Im Radio plärrt die Popikone Cyndi Lauper. Und Cristi Jonesku singt verträumt mit: “Girls just wanna have fun, oho.”

Das Vergnügen ist kurz, der Paketbote hat seinen nächsten Stopp erreicht. Er legt Leerlauf und Handbremse ein, schnappt sich ein Paket vom Armaturenbrett und springt aus dem Transporter.

So geht das den ganzen Tag.

Konstanz Paketbote Pakete Paketdienst Video: Lukas Ondreka

Im Zickzack fährt Cristi Jonesku durch Konstanz: immer ein paar hundert Meter, dann den Transporter in eine freie Lücke quetschen und mit Päckchen und Paketen unterm Arm von Tür zu Tür.

An der Sprechanlage sagt der Zusteller sein kurzes “Hallo, Paket für Sie”. Dann verschwindet der schmale Mann im Schatten des Hausflurs.

Bild 1: Cristi Jonesku bringt den Konstanzern ihre Pakete, zehn Stunden am Tag, für wenig Geld.
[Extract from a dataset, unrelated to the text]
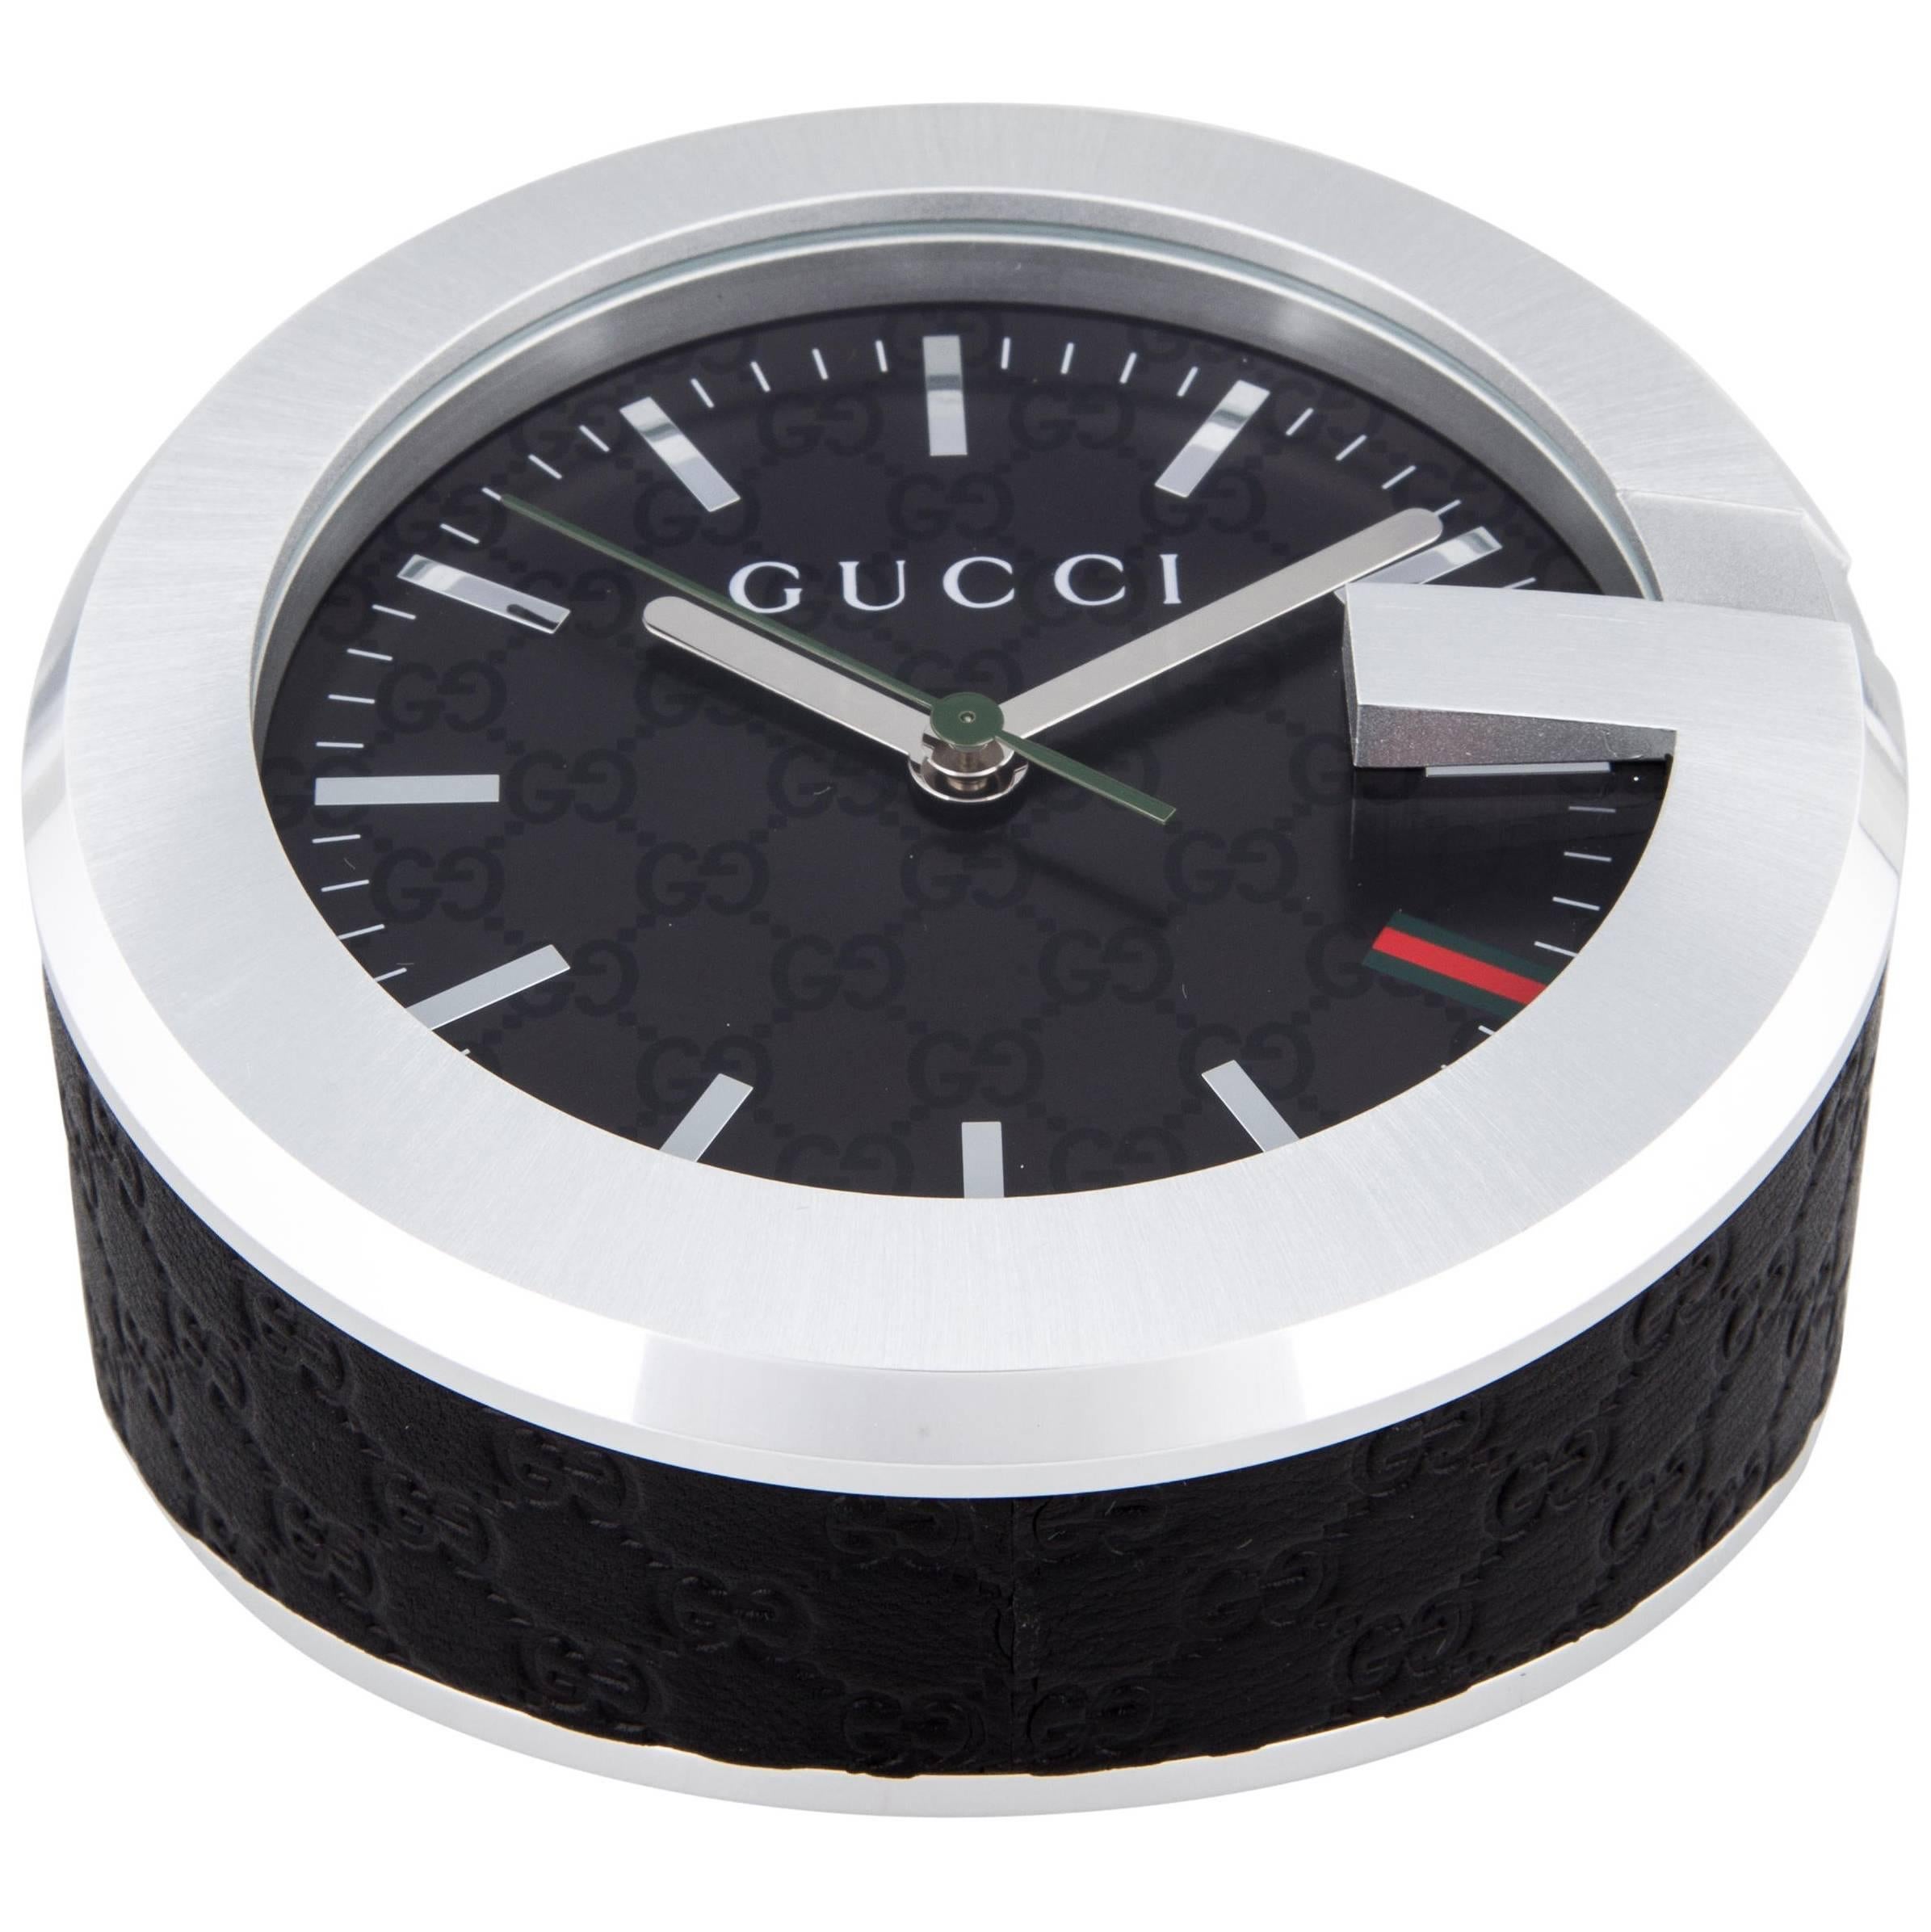 Gucci New Men's Black Leather Stainless Steel Table Desk Clock in Box

Wir haben ihn begleitet
Bild: Lukas Ondreka

Cristi Jonesku heißt eigentlich anders. Aber der Zusteller fürchtet, dass er seinen Job verlieren könnte, wenn sein echter Name in der Presse auftaucht.

Denn der gebürtige Rumäne arbeitet nicht direkt bei einem der fünf großen Paketdienste in Deutschland, er arbeitet für ein Subunternehmen. Die heuern vor allem Beschäftigte aus Osteuropa an.

Die Bezahlung ist schlecht, die Belastung hoch.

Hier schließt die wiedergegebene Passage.